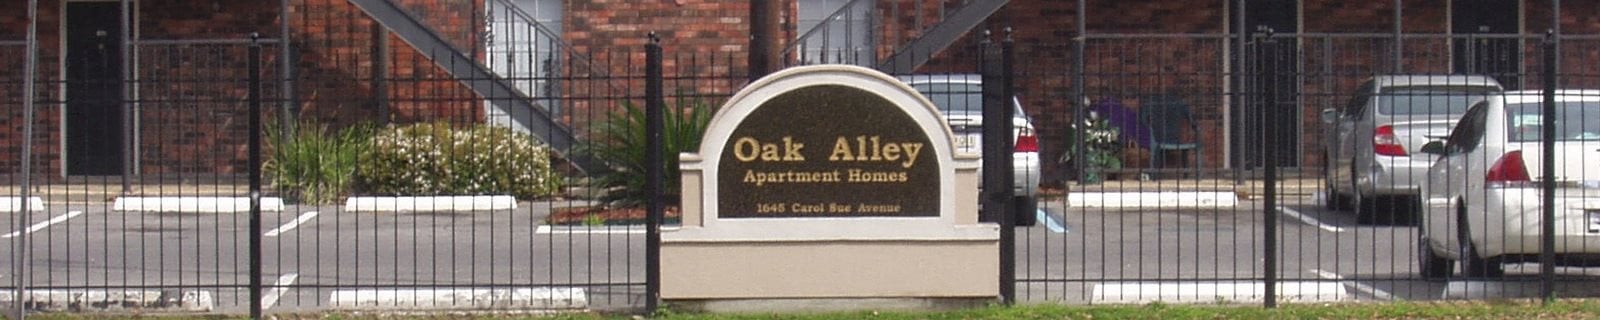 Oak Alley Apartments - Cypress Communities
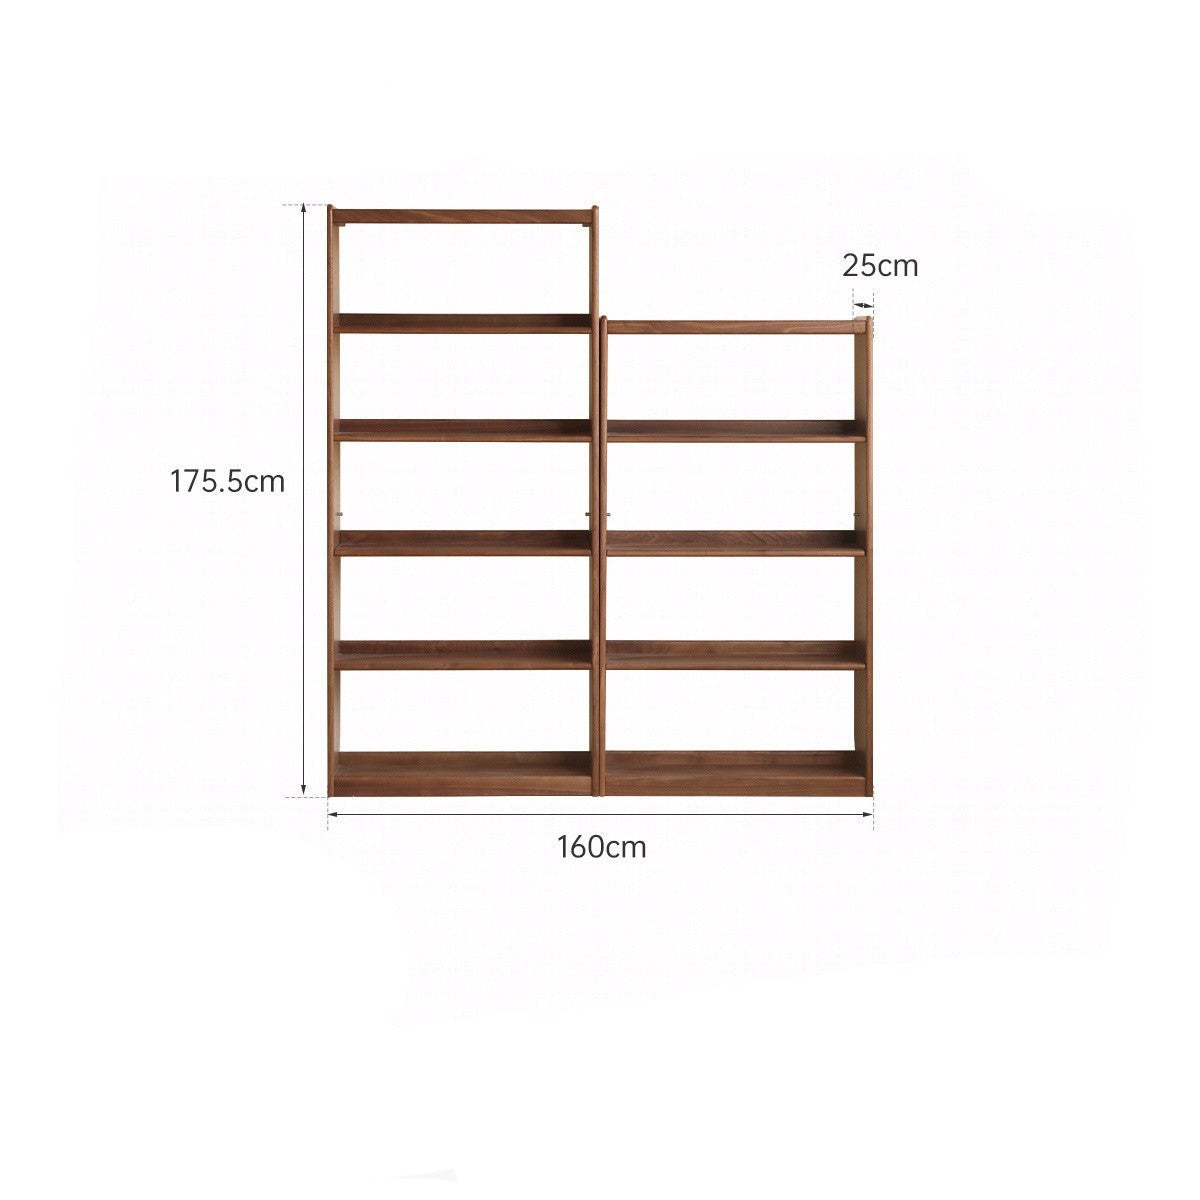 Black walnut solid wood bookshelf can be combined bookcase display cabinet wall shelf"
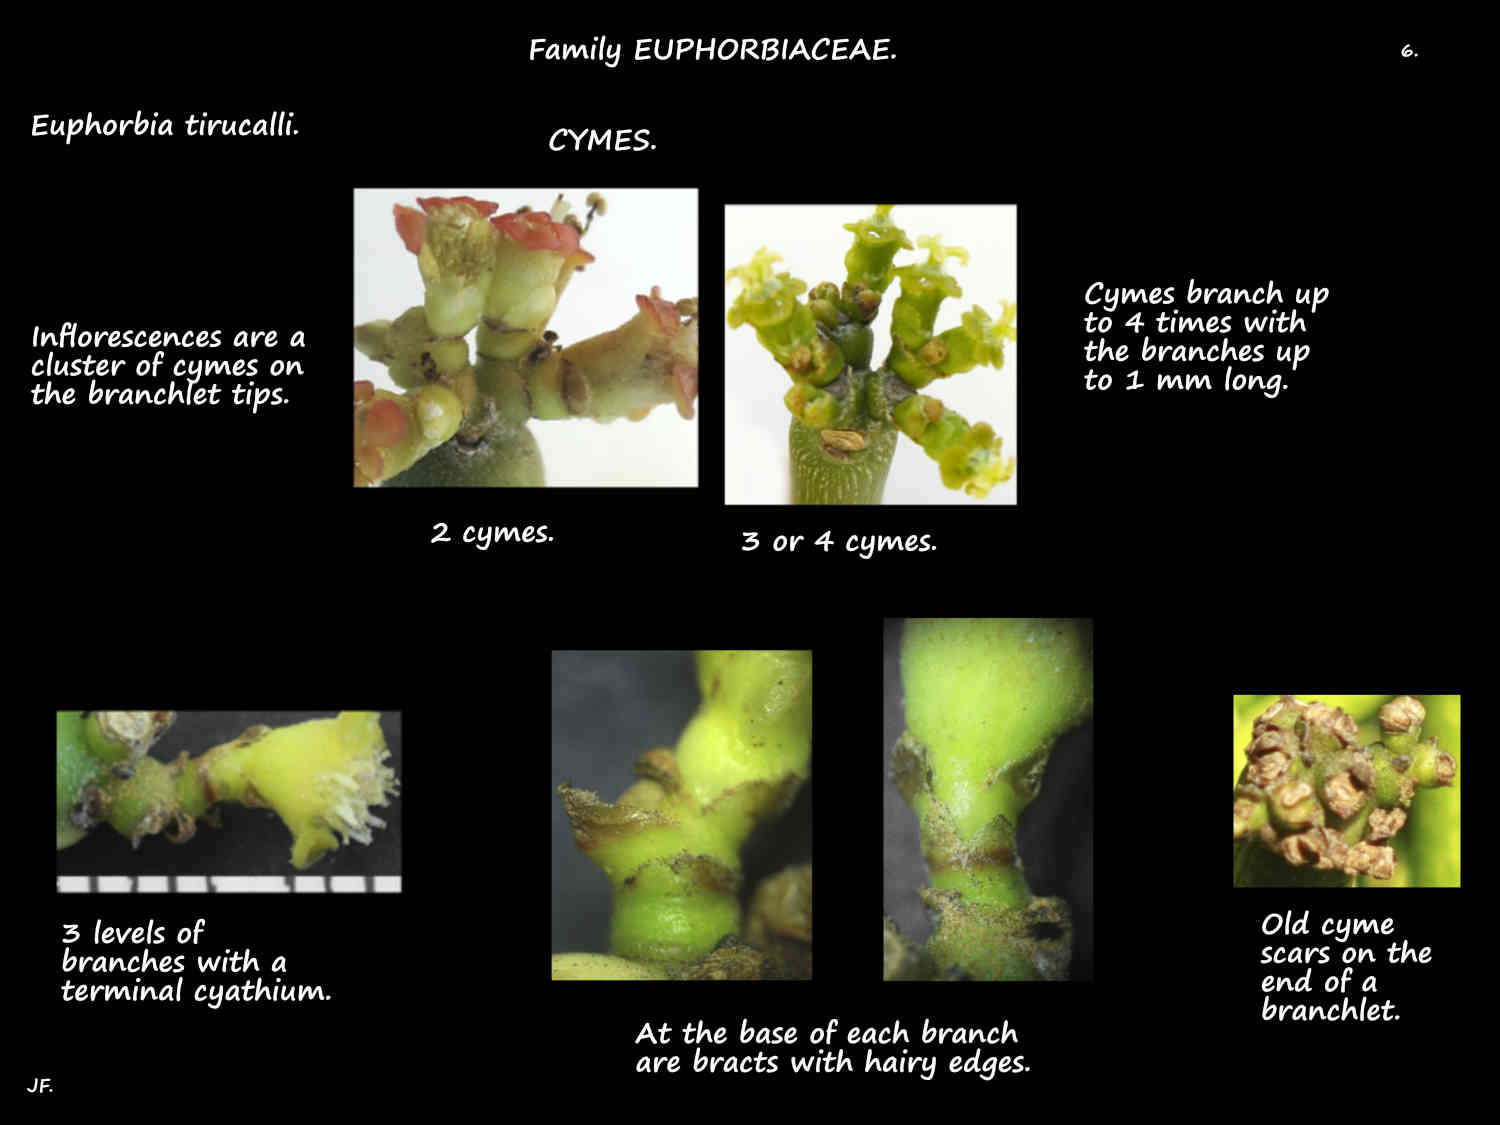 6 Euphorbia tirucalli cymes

---

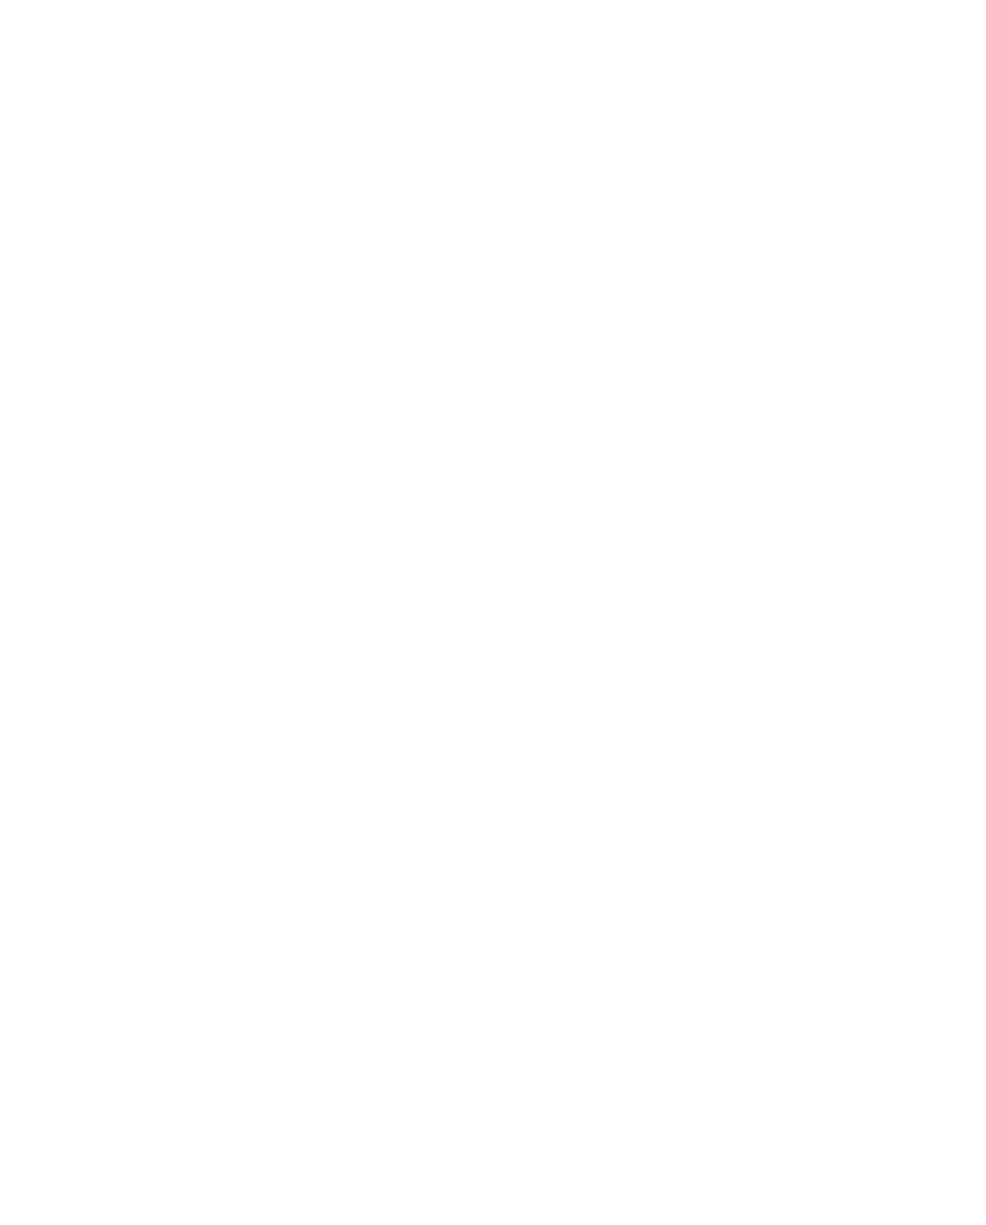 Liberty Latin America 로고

§ WORK TO BE COMPLETED
Taking the entries above, copy word for word the lines from the one with "Oak Alley Apartments - Cypress Communities" up to and including the one with "6 Euphorbia tirucalli cymes", without any picture.

§ TASK RESULT
 Oak Alley Apartments - Cypress Communities
 Black walnut solid wood bookshelf can be combined bookcase display cabinet wall shelf"
 6 Euphorbia tirucalli cymes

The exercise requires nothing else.